Using GridGain® Cloud with Kafka® in the Cloud

December 11, 2018

Previously, we looked at how to use GridGain® and Kafka® using a local installation. Let’s now look at an example where we deploy in the Cloud. We will use the GridGain Cloud and the Confluent Cloud environments.

If you'd like to follow along with this example, ensure that you meet the required prerequisites first:

Create an account on the GridGain Cloud
Create an account on the Confluent Cloud
Download the sample Java code from GitHub

Confluent Cloud

Let’s begin with the Confluent Cloud setup first. To deploy Kafka in the Confluent Cloud, we need to install the CLI and configure a topic. The Confluent Cloud Quick Start guide provides all the necessary instructions.

We’ll follow steps 1 and 2, as described. At step 3, we’ll create the following topic:

ccloud topic create sensors_temp

Our example will simulate sensor data that are being generated (produced) and subsequently captured (consumed) for further analysis.

Note that there is a cost per hour associated with launching a Confluent Cluster with a monthly billing cycle.

GridGain Cloud

First, we’ll need to create a new project in an IDE using the pom.xml file that is provided with the sample Java code from GitHub, as shown in Figure 1.

Figure 1. IDE Project.

Next, we’ll deploy a GridGain Cluster in the GridGain Cloud. The Getting Started guide provides all the necessary instructions. We’ll use the free tier.

Once the cluster is running, we can get further information by clicking on the cluster name, as shown in Figure 2.

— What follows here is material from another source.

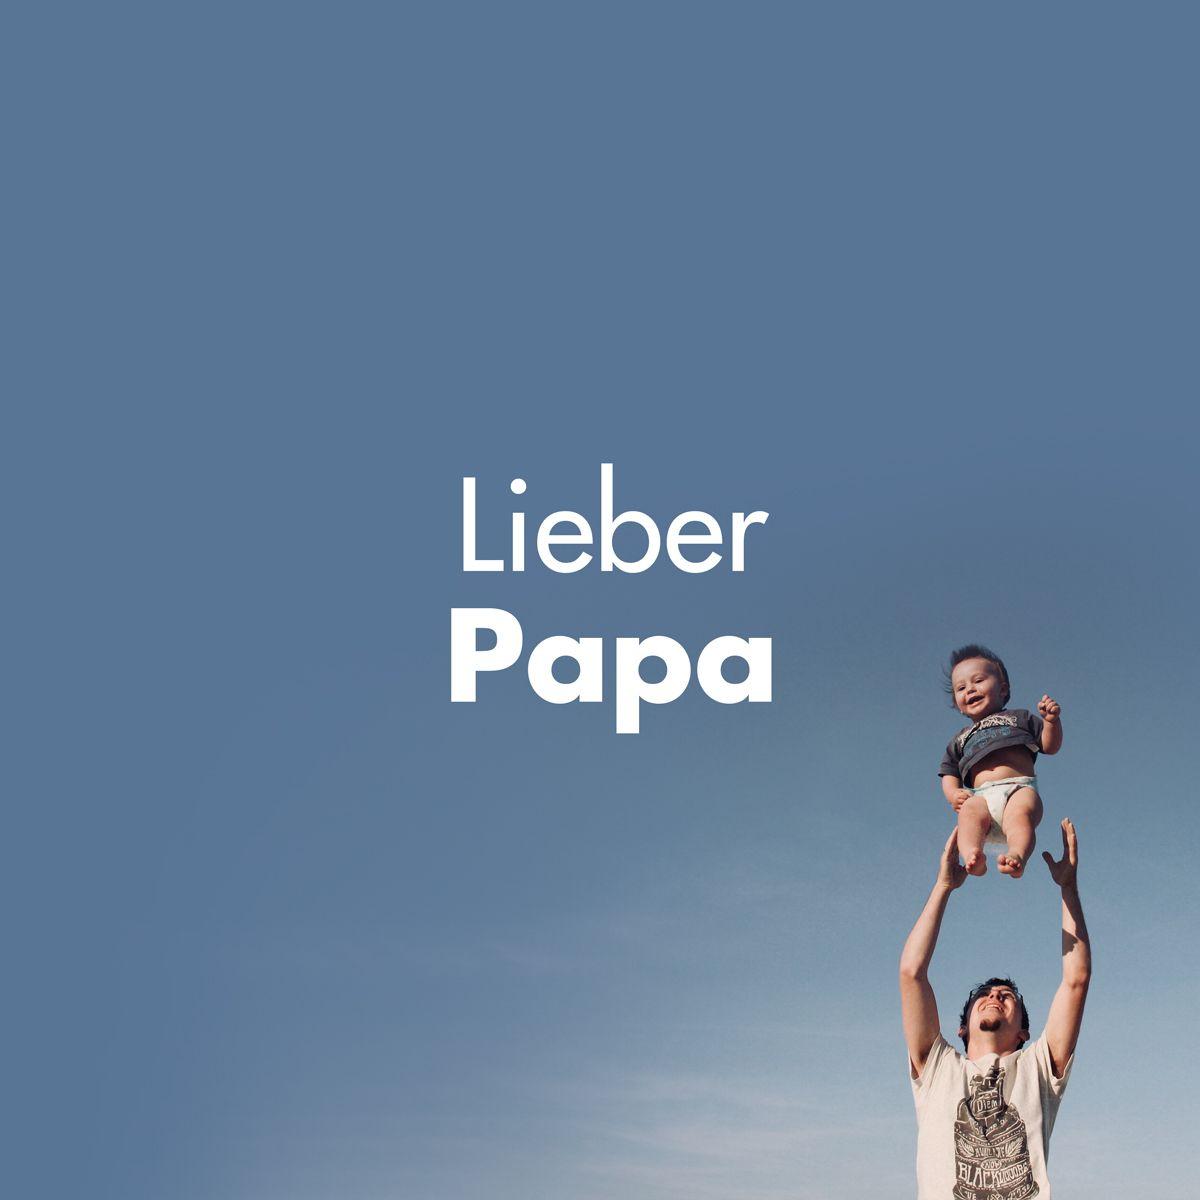 An alle Papas da draußen: Danke! 💚 #vatertag Danke für

Figure 2. GridGain Cluster Information.

We need the following information from the cluster information page:

Thin Client URL
Cluster Username
Cluster Password
SSL Password

Next, we need to plug these four values into the CloudConfig class in our Java code and save the changes.

Now we’ll download the Java Key Store and save the keyStore.jks file in the resources directory in our project.

We’ll now create Sensor and Temperature tables in our GridGain cluster by running the DataLoader class. We can check that the tables have been correctly created by using Monitoring > Dashboard from the GridGain Cloud Console, as shown in Figure 3.

Figure 3. GridGain Tables.

From the command line, we’ll navigate to the gridgain-confluent-cloud-demo directory and build everything from sources using:

mvn clean package

Run Producer

We’ll run the producer from the gridgain-confluent-cloud-demo directory, as follows:

mvn exec:java -Dexec.mainClass="io.confluent.examples.clients.SensorsTempGenerator" -Dexec.args="$HOME/.ccloud/config sensors_temp -1"

The output should be similar to Figure 4.

Figure 4. Producer Output.

Run Consumer

In another terminal window we’ll run the consumer from the gridgain-confluent-cloud-demo directory, as follows:

mvn exec:java -Dexec.mainClass="io.confluent.examples.clients.SensorsTempReader" -Dexec.args="$HOME/.ccloud/config sensors_temp"

The output should be similar to Figure 5.

Figure 5. Consumer Output.

We can check that the Temperature table is receiving data by using Monitoring > Dashboard from the GridGain Cloud Console, as shown in Figure 6.

Figure 6. GridGain Tables.

If we compare Figure 6 with Figure 3, we can see that the Temperature table has grown larger.

SQL Queries

Now we can try some SQL queries from the GridGain Console. From the Queries tab, we’ll create a new notebook and run the following queries and view the output:

SELECT *
FROM Sensor
LIMIT 10;

SELECT sensorId, count(*)
FROM Temperature
WHERE temp > 70 AND temp < 100
GROUP BY sensorId
ORDER BY sensorId;

SELECT MAX(temp) AS mtemp, sensorId
FROM Temperature AS t
JOIN Sensor AS s ON t.sensorId = s.id 
WHERE s.latitude >= 24.7433195 AND s.latitude <= 49.3457868 AND
      s.longitude >= -124.7844079 AND s.longitude <= -66.9513812
GROUP BY sensorId
ORDER BY mtemp DESC;

These are examples of the types of queries we may wish to run on the sensor data, using ranges and latitude/longitude, for example.

Stop the Example

To stop the example, we can remove the topic from Confluent Cloud:

ccloud topic delete sensors_temp

and delete the existing Temperature table values from GridGain Cloud:

DELETE FROM Temperature;

When we are finished with the Cloud environments, we can also delete our clusters on Confluent Cloud and GridGain Cloud.

Summary

In this second article, we have seen the ease with which we can use GridGain with Kafka using cloud environments. The sensor data example represents just one possible use-case where we can receive data, store it in GridGain, and then perform analysis on the data using SQL.